Cross-shard primitives copied from legacy core/server also did not
fit core/shard's crossfire model (bounded MTx + try_send-or-drop,
fd-transfer coordinator instead of SO_REUSEPORT).
bootstrap() now spawns N OS threads from sharding.cpu_allocation,
each pinned via nix::sched + hwlocality and running its own compio
runtime + IggyMessageBus + IggyShard for the partitions hashed to
that shard. Cross-thread shutdown rides an Arc polled by
a per-shard watchdog, since the bus' Shutdown is !Send and cannot be
triggered from the main thread directly. Partial shard-spawn failure
and shard-thread panic now signal cluster-wide shutdown instead of
hanging; the shutdown watchdog is detached from the bus drain.

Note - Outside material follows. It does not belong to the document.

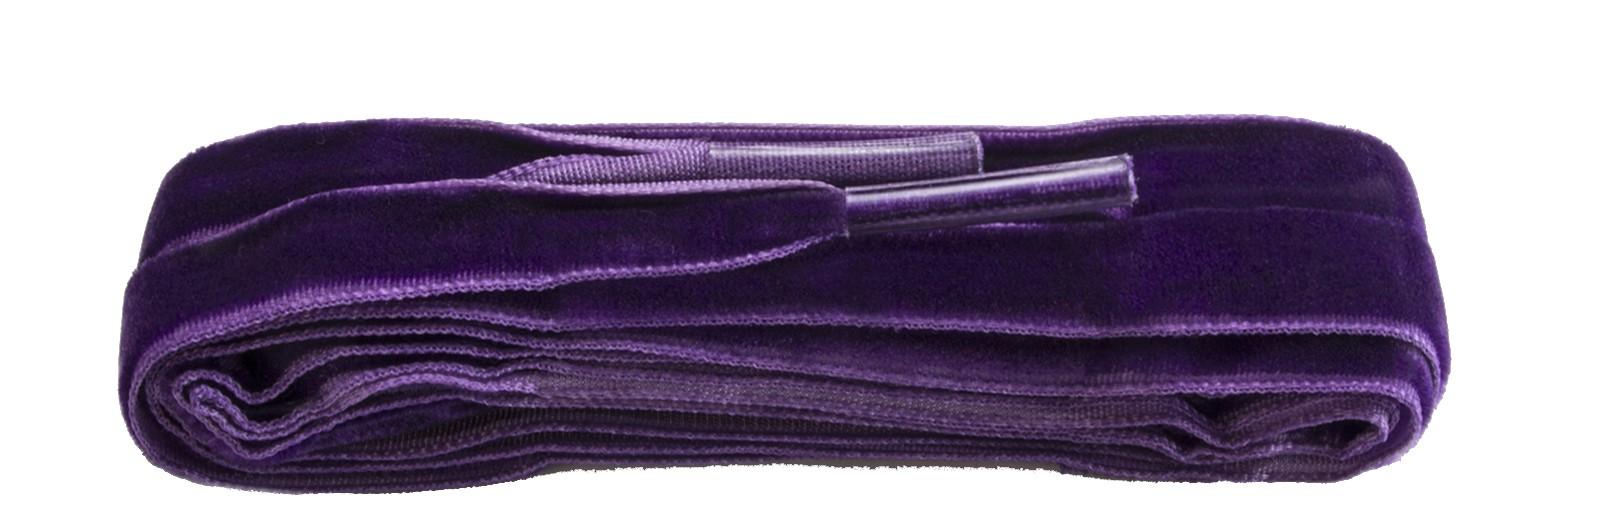 Sneaker Velvet Purple Laces

ShardFrame becomes a concrete enum (Consensus + Lifecycle); the R
generic is lifted off IggyShard. Named routers (route_metadata /
route_partition / route_consensus_control) replace the duplicated
MessageBag match blocks, and a debug_assert at pump entry catches
receiver-thread mis-binding that the ctor's assert_sender_ordering
cannot see.
ShardMetrics records frame_drops_total (counter, variant+reason
labels), bumped at every inter-shard try_send rejection; without it,
drop-and-recover under VSR retransmit is operationally
indistinguishable from a livelock. The counter is atomic, so it is
safe to bump from !Send compio reactor contexts.

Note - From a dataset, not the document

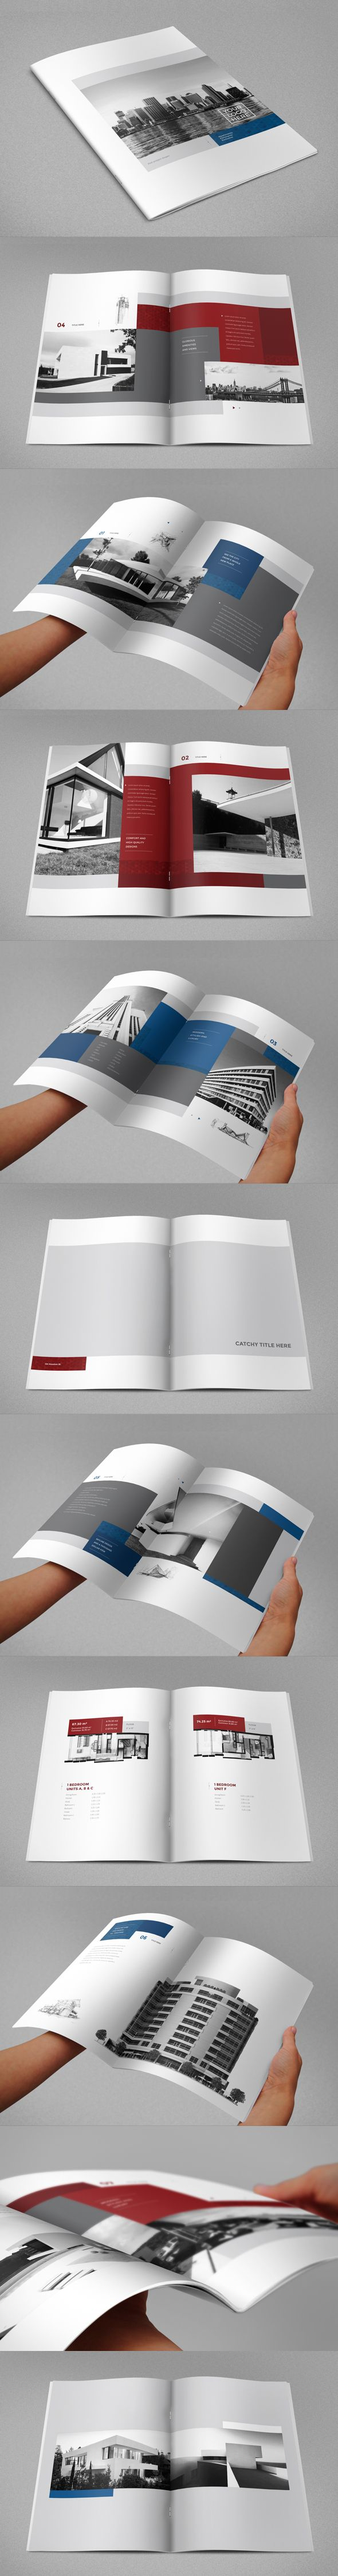 Real Estate Brochure 3 by Abra Design, via Behance

The legacy shard-mapping broadcast subsystem (periodic snapshot
refresh task, three-state MappingSlot table, ReplicaMappingUpdate /
ReplicaMappingClear frames) is retired entirely. Cross-shard replica
routing now flows through the cluster-shared ReplicaOwnerTable: the
owning shard's installer stamps its slot on a successful registry
insert and CAS-clears it on disconnect, so every bus' send_to_replica
slow path reads authoritative state with no broadcast or reconcile
loop. Builder accepts the coordinator at ctor; IggyShard stays
immutable post-construction.
message_bus forward-fn types widen to carry replica/client id, and
send_to_replica routes via the shared owner table so non-zero shards
reconcile against shared state rather than shard 0's private bus.
WAL recovery is serialized across shards: non-zero shards open the
WAL read-only, reject mutating ops (drain, set_snapshot_op) on a
read-only storage, route an invalid WAL header to truncate_or_fail,
and close the read-only fd once recovery completes.
Storage milestones (durable PartitionJournal, durable
(view, commit_op) watermark) and SDK (client_id, request_id)
durability across reconnect remain out of scope; tracked separately.